Sony Pictures suffered one of the largest cyber attacks in history, with attackers having stolen no less than 100 terabytes of sensitive data, including employees’ personal details and current and future business-related information, crippling the company’s internal network in the process. Even though the corporation was hit in late November, the attack was apparently planned for months, with Bloomberg having learned more details about how hackers might have operated.

FROM EARLIER: How hackers hacked Sony

The publication has talked to security specialists from Trend Micro and McAfee, who revealed that hackers might have had access to Sony’s internal network months before carrying out the actual attack.
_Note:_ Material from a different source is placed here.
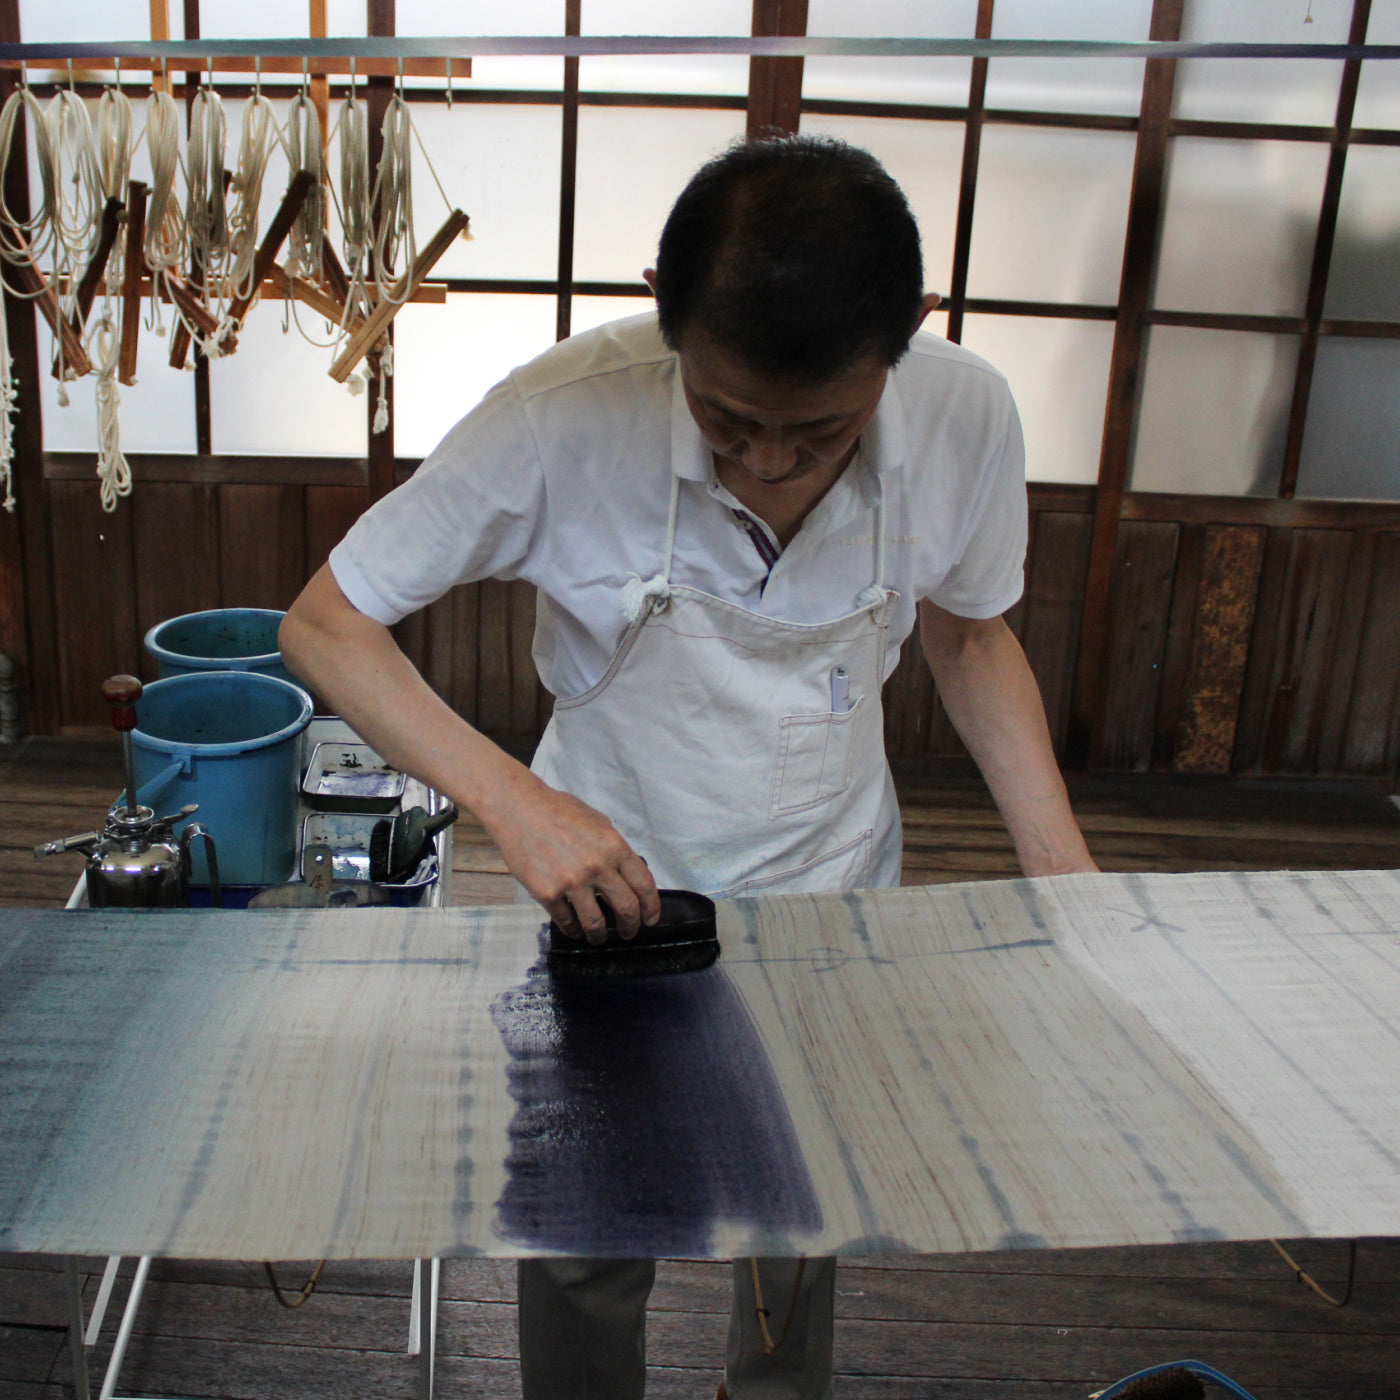 “Hikizome” or brush dyeing is a method of using a brush to dye textiles evenly or blurred without soaking in a dye solution. Whenever we visit craftman, we are always impressed by their traditional skills and wonderful work.

Furthermore, the hackers apparently used a significantly customized version of a known virus, which was acquired from the black market and then modified to deliver a certain kind of attack.

“They were probably in the system for months,” Trend Micro security evangelist Masayoshi Someya told Bloomberg. “One thing that’s very unique about the malware is that it had a payload with a particular time bomb-type capability.”

The virus, called WIPALL, works as a backdoor to an affected network, allowing access to intruders while being undetected.

Once it’s activated, the program initiates a 10-minute countdown, and “cloned minions disable security software, gain access to hard drive and network storage on all the infected computers, while also trying to log into any connected networks.”

When time is up, all the data is erased from computers and users see a static image of a red skeleton, along with a “Hacked by #GOP” message.